Pandora’s Box and the Invention of Agriculture
Pandora’s box (noun): The process of creating complicated problems as the result of unwise interference in something.
(Note: This essay expands a bit more on the previous piece titled ‘The Element of Interference and the Genesis of a Meltdown’).
The above definition shows up numerous times in related essays on the history of western civilization, the agricultural revolution and the ideological epoch that spawned both movements. And so it should. The definition is ‘bang on’ when attempting to assess the advanced modern human’s place in history…his significance and impact on the ‘big picture’ view of things. Some people find history to be boring (in and of itself) but that same history can take on a new light when used to help make sense of the world in which we live – via the Newtonian precepts of consequence and causality. For better or for worse the universe is unfolding as it should in our little neck of the woods…for better or for worse nothing is out of place especially when viewed through the unerring lens of consequence and causality.

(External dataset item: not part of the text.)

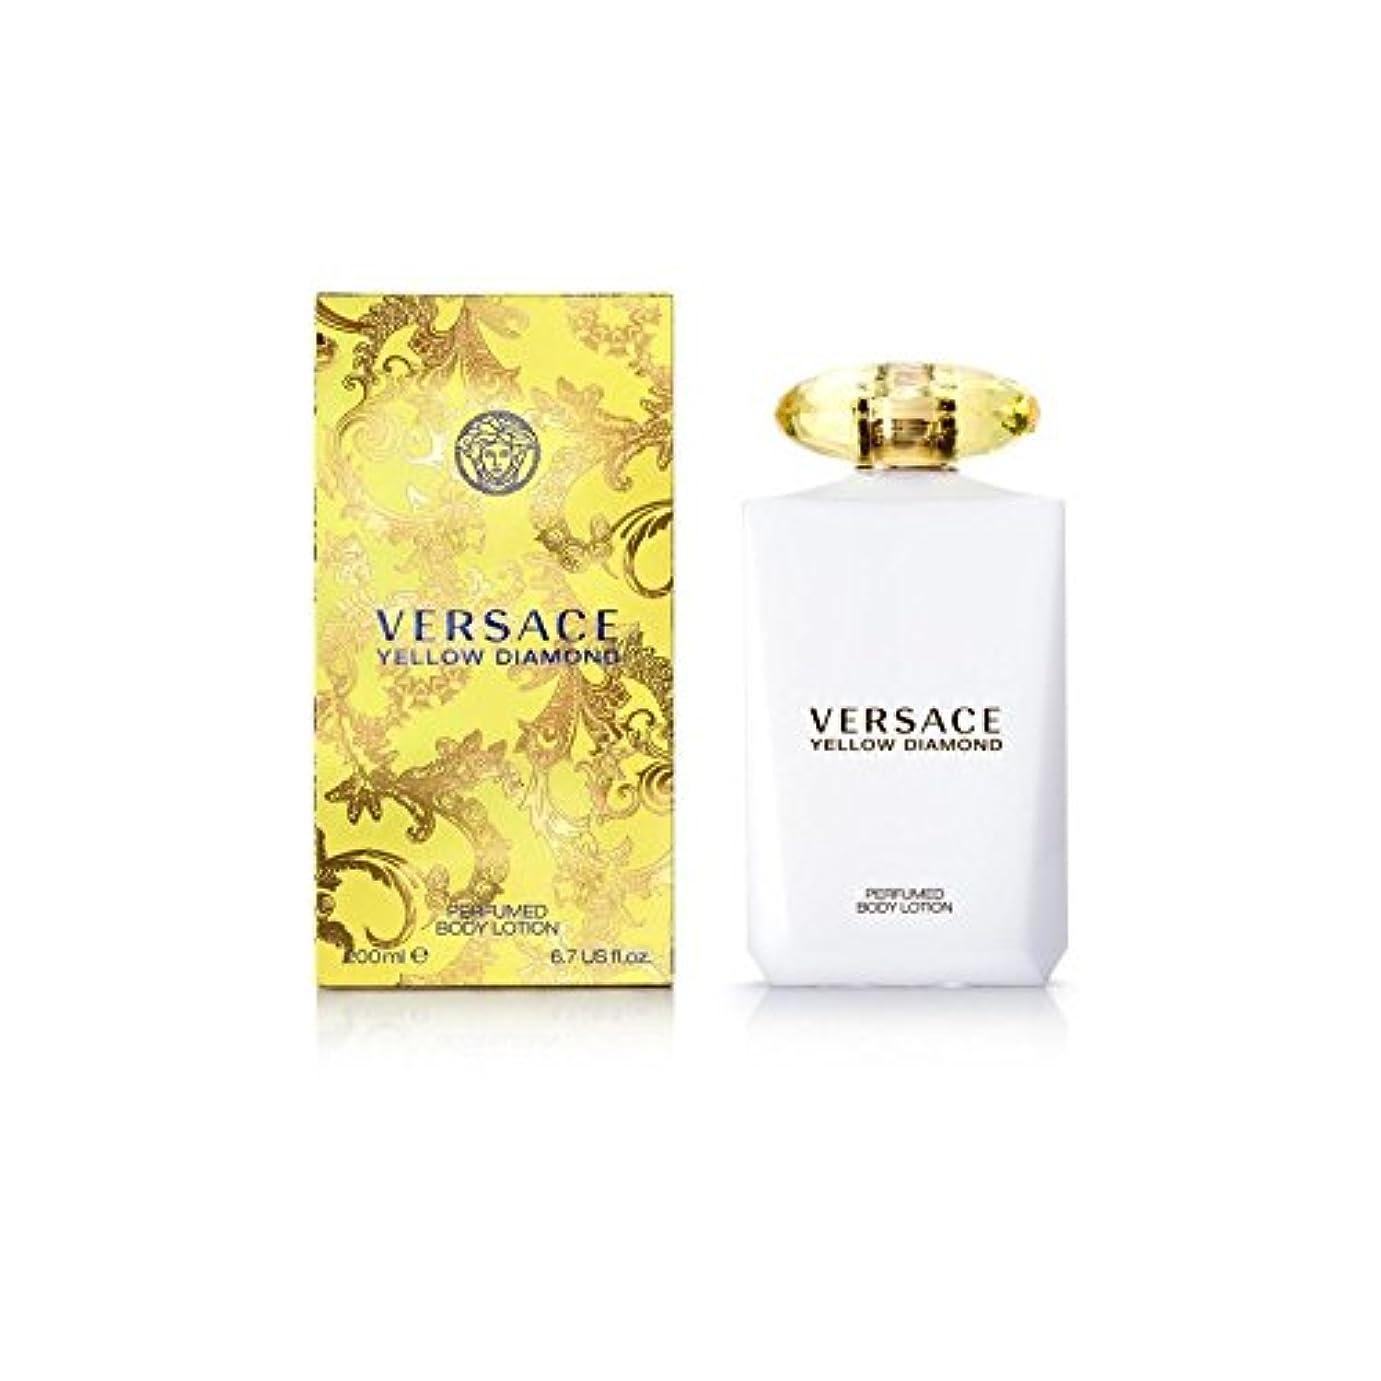 Versace Yellow Diamond Body Lotion 200ml - ヴェルサーチ黄色のダイヤモンドボディローション200 [並行輸入品]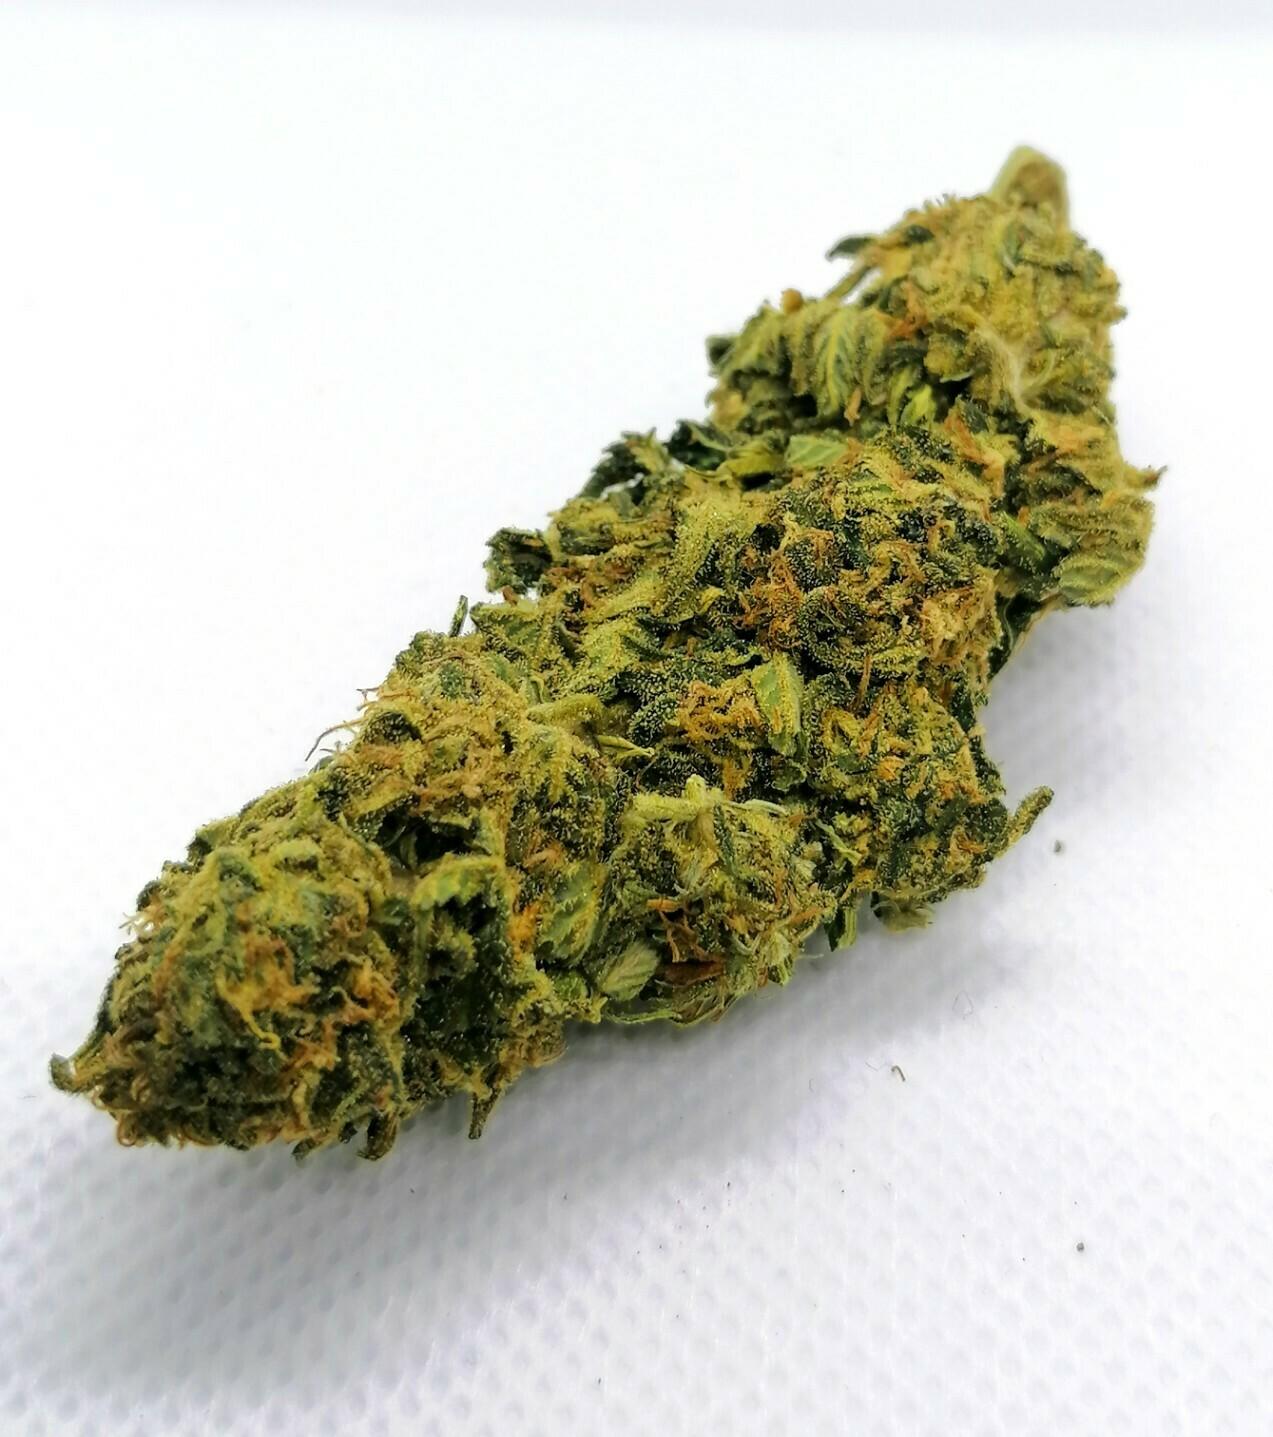 Cannabis light - cannatonic

In fact, given hyper-man’s violent and turbulent history combined with his uncanny ability to do stupid things there would be something ‘not right’ if our world today was in a relative state of peace, harmony and balance. It is anything but. Some will and some won’t agree that we and the rest of the biosphere have, in recent times, passed over an invisible line, an imperceptible and irrevocable threshold into a new and dangerous reality referred to ominously as the ‘next major extinction event’. Some will, many won’t. Regardless, we are where we are and how we got here so quickly is the subject of this short piece.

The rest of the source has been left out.